The messaging system is designed with a clear, decoupled transition pathway from a Proof of Concept (PoC) public broker setup to a secured, authenticated, and encrypted private production cluster. All configurations are resolved dynamically from the environment or overridden at the job level, requiring zero code modifications during deployment cut-over.

1.1 PoC Architecture (Public Sandbox)

In the initial development/testing phase, the system defaults to the public broker hosted by HiveMQ:

  • Host/IP: broker.hivemq.com
  • Protocol/Port: Plaintext MQTT over TCP on port 1883.
  • Security & Auth: None. No username, password, TLS encryption, or access control list (ACL) constraints are applied.
  • QoS Level: QoS 1 (At Least Once) is requested for publishes and subscriptions, ensuring acknowledgement at the network layer.
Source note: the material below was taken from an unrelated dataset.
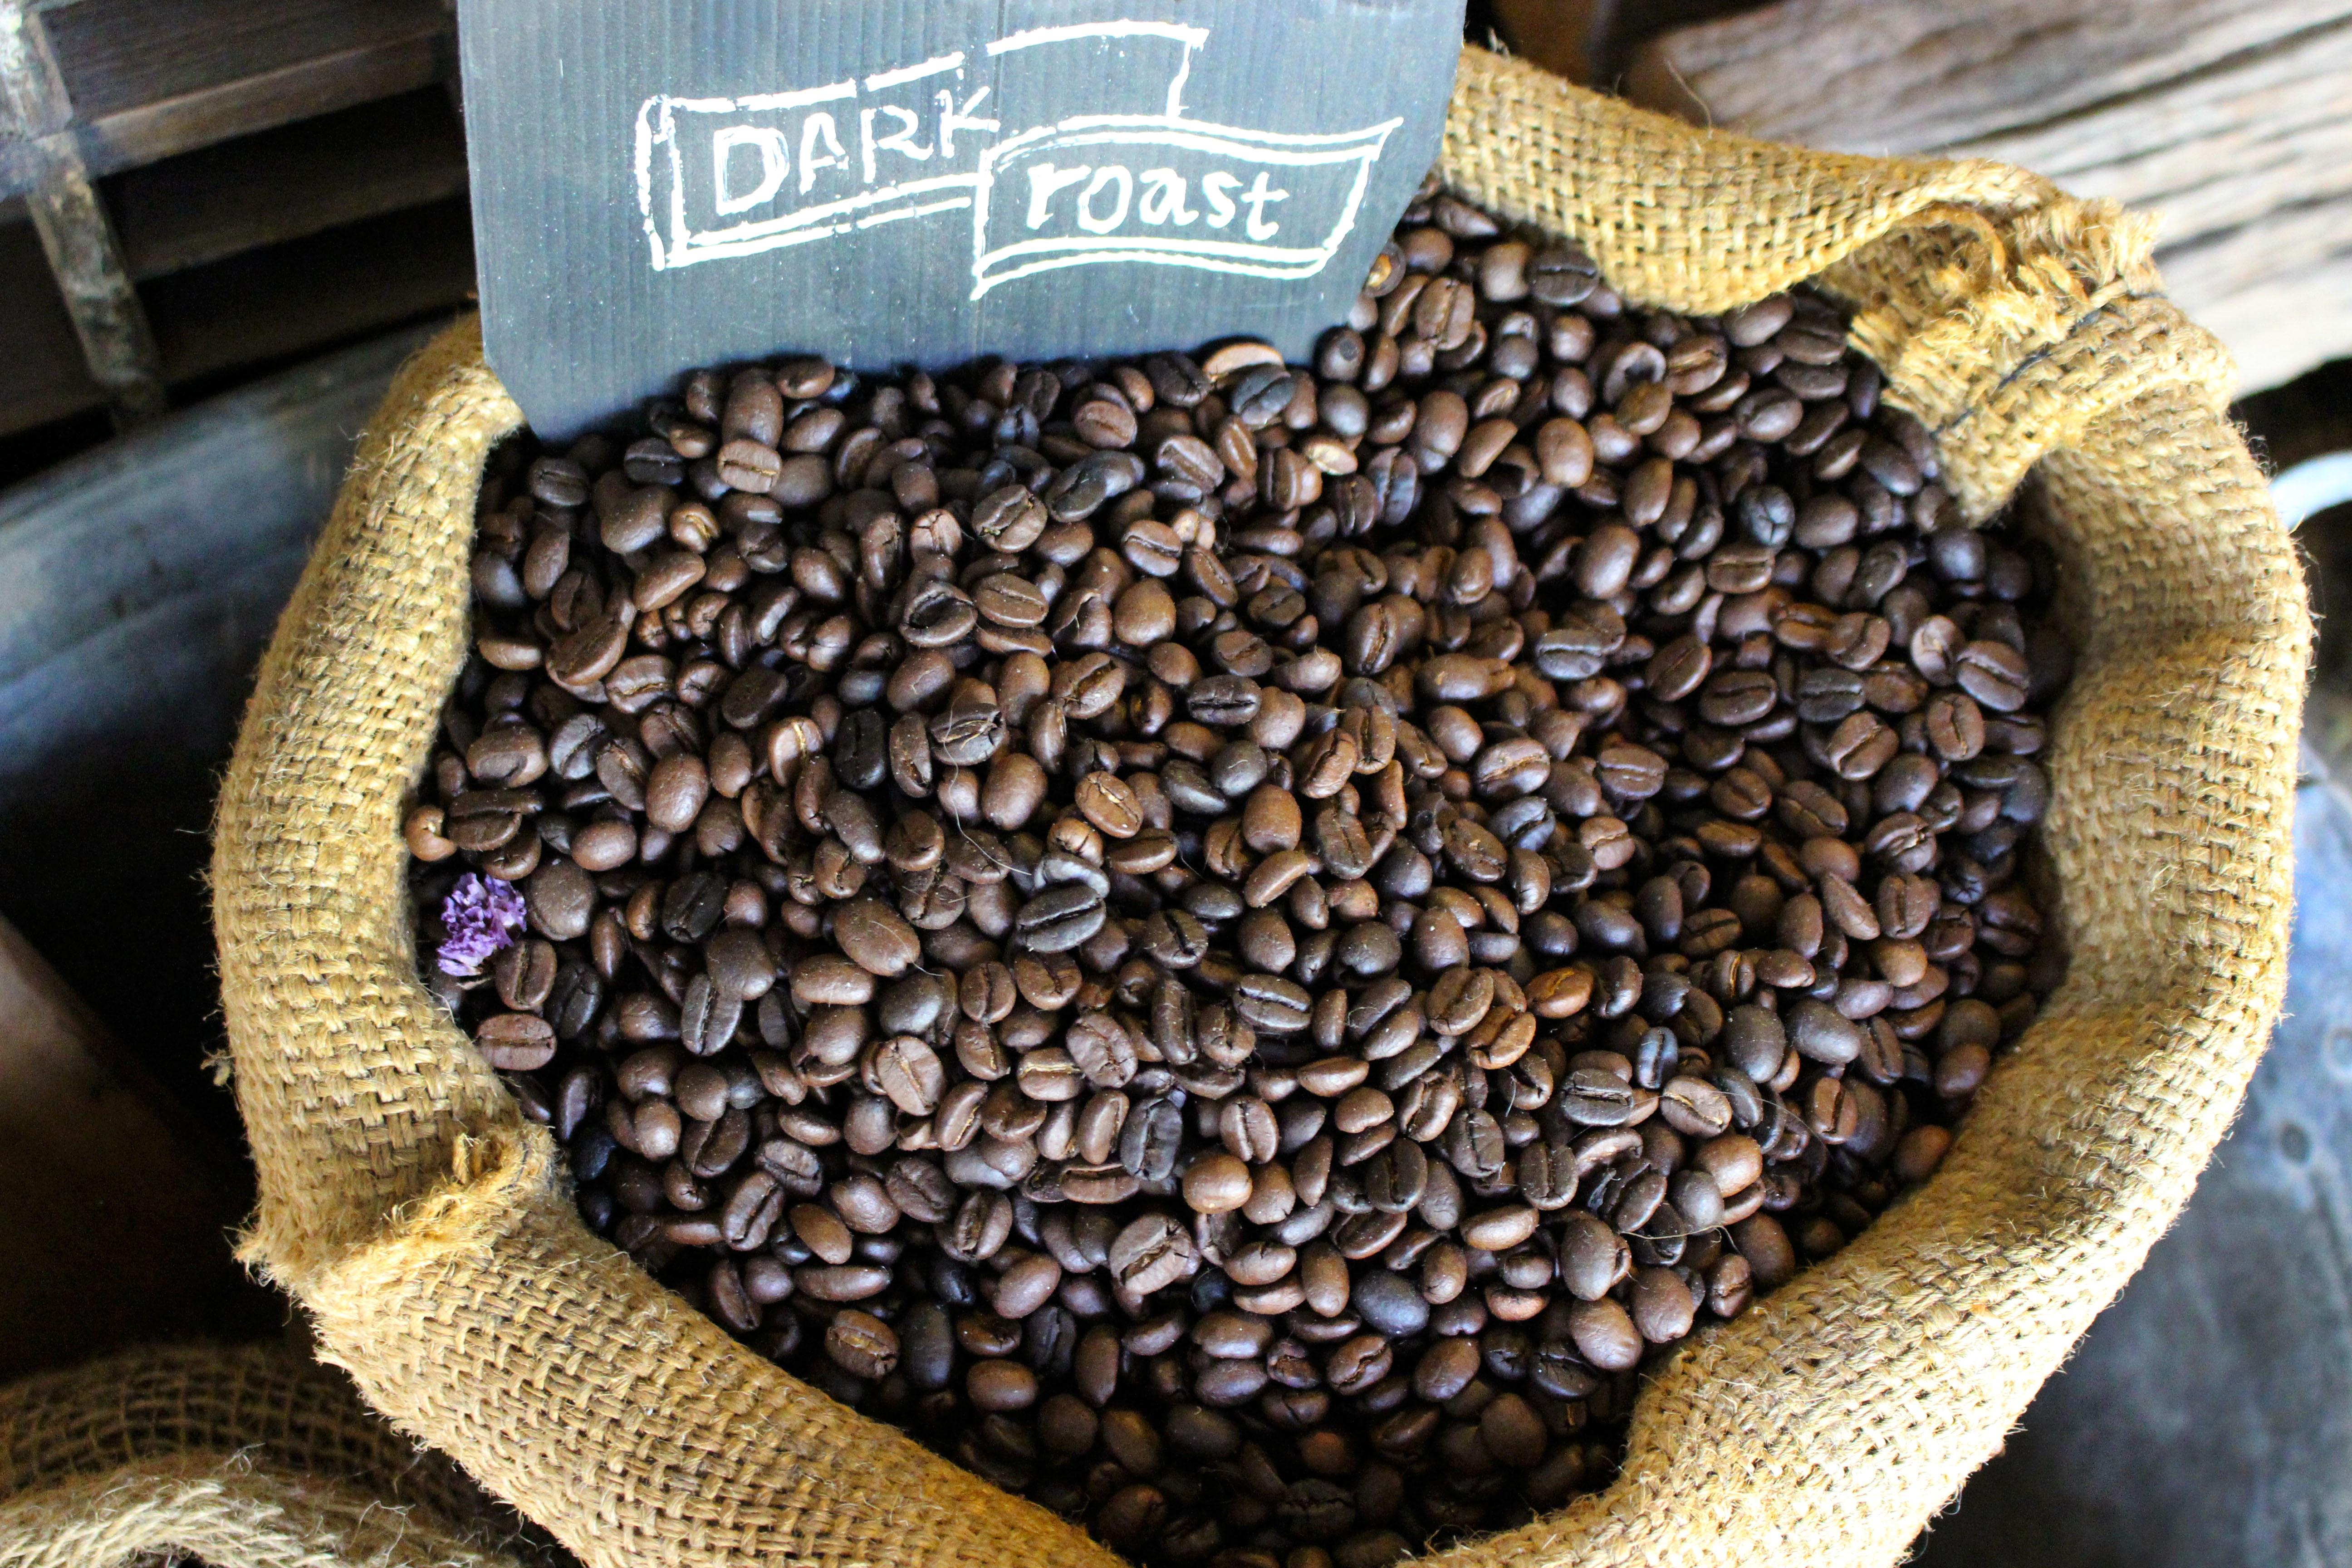 свои случаи из кофейного зерна картинки фекалии, выделяемые клещом

Risks and Limitations of the PoC Setup:

  1. Zero Eavesdropping Protection: Because the broker is public and unencrypted, any internet user can subscribe to the root topic (python/mqtt/jobs/#) and read the exact prompt, agent sessions, and intermediate progress events.
  2. Event Spoofing & Injection: Anyone can publish messages to any job topic. An attacker could publish a malicious completed or error event, prematurely terminating a running subscriber or causing the delegator to execute unauthorized post-validation hooks.
  3. No Message Persistence: Public brokers do not guarantee queue persistence or durable sessions for disconnected clients. If a subscriber briefly drops offline, QoS 1 messages published during the disconnect window may be discarded.
  4. Rate Limiting & Reliability: Public sandboxes are subject to arbitrary rate limits, traffic spikes, and transient connection resets, leading to network-level timeouts.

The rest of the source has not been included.